* **Task**
Restate word for word the lines of the records below, starting at the line that contains "Illuminated Letter S Animal Design" and ending at the line that contains "iRobot Roomba 4160", with both of those lines included and nothing else.

* **Data entries**
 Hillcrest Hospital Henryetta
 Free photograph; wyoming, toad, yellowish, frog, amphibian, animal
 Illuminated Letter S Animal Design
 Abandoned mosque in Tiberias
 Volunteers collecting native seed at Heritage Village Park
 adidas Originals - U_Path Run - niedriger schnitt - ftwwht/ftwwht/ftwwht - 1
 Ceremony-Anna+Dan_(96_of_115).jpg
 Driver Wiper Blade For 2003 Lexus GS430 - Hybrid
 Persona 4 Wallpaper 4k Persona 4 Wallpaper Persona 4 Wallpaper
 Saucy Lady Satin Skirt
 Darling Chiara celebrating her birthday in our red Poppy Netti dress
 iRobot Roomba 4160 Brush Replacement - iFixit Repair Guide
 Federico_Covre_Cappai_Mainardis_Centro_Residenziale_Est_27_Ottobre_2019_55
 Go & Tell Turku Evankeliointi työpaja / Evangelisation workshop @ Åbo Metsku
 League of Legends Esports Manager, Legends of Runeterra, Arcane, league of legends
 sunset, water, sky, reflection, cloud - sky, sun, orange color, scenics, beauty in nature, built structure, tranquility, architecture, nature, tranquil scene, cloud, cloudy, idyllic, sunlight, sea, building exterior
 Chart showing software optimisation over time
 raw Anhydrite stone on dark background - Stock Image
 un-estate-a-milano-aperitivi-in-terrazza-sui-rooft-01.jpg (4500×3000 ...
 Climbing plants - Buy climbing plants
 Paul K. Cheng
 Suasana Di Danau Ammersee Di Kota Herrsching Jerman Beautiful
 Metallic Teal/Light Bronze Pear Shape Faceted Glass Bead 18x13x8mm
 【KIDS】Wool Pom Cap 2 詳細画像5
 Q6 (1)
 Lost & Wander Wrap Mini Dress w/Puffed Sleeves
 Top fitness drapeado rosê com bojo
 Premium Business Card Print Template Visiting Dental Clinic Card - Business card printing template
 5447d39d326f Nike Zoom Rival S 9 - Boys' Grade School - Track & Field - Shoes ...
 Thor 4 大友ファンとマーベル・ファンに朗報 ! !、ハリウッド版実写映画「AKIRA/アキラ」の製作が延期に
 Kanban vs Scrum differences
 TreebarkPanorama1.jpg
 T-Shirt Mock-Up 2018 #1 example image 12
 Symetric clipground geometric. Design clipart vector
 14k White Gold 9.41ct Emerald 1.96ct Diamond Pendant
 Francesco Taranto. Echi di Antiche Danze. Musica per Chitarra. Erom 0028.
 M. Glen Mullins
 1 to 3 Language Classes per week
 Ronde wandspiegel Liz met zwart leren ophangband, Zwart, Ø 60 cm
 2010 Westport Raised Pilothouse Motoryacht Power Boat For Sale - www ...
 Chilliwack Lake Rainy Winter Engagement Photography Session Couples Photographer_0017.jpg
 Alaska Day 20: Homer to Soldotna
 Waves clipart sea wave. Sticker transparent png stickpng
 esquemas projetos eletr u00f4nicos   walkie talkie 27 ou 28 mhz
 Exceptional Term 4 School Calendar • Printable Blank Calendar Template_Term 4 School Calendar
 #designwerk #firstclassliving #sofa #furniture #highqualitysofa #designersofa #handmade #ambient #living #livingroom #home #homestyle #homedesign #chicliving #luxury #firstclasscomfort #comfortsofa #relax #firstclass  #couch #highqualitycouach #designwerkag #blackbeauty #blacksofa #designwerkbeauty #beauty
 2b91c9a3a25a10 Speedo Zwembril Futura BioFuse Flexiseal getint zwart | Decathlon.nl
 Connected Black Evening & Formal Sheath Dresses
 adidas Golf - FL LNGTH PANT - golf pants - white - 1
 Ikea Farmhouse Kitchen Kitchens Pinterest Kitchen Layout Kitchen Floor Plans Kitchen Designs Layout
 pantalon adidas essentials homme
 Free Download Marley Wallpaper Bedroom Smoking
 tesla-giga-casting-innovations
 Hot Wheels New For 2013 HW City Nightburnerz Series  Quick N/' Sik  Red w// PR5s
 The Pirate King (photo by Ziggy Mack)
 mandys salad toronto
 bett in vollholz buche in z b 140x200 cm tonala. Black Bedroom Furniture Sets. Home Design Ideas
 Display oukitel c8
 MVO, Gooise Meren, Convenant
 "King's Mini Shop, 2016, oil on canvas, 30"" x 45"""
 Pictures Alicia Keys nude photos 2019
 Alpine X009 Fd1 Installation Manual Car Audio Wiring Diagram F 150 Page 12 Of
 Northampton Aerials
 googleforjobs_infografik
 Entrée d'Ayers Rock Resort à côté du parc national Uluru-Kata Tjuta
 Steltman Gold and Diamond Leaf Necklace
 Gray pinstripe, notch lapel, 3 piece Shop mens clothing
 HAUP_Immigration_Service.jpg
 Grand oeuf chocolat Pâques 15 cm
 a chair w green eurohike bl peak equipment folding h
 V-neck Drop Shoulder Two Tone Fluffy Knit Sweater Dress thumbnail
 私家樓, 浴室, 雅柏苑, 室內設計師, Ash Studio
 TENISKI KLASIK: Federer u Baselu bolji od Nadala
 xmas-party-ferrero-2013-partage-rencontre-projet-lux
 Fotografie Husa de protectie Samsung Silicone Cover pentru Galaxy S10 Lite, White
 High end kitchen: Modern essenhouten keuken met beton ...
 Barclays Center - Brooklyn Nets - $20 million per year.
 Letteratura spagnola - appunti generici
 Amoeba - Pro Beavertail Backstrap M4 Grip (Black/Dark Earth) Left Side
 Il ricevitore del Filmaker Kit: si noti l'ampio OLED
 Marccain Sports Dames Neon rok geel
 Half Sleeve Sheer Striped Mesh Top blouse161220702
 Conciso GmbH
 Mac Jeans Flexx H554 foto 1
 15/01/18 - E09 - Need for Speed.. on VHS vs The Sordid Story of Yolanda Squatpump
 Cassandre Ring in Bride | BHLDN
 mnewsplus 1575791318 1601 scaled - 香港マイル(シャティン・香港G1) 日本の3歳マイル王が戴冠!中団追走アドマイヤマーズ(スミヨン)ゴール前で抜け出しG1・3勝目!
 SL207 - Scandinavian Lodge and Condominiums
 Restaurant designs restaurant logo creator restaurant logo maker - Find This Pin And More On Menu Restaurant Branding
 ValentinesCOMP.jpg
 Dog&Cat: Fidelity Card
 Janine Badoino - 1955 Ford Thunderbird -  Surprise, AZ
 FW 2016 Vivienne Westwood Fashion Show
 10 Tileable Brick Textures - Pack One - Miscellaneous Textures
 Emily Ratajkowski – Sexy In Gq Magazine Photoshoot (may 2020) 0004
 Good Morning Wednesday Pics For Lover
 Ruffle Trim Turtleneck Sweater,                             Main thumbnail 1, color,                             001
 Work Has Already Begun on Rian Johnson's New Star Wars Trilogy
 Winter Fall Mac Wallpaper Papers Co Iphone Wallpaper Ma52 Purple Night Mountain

* **Result**
 Illuminated Letter S Animal Design
 Abandoned mosque in Tiberias
 Volunteers collecting native seed at Heritage Village Park
 adidas Originals - U_Path Run - niedriger schnitt - ftwwht/ftwwht/ftwwht - 1
 Ceremony-Anna+Dan_(96_of_115).jpg
 Driver Wiper Blade For 2003 Lexus GS430 - Hybrid
 Persona 4 Wallpaper 4k Persona 4 Wallpaper Persona 4 Wallpaper
 Saucy Lady Satin Skirt
 Darling Chiara celebrating her birthday in our red Poppy Netti dress
 iRobot Roomba 4160 Brush Replacement - iFixit Repair Guide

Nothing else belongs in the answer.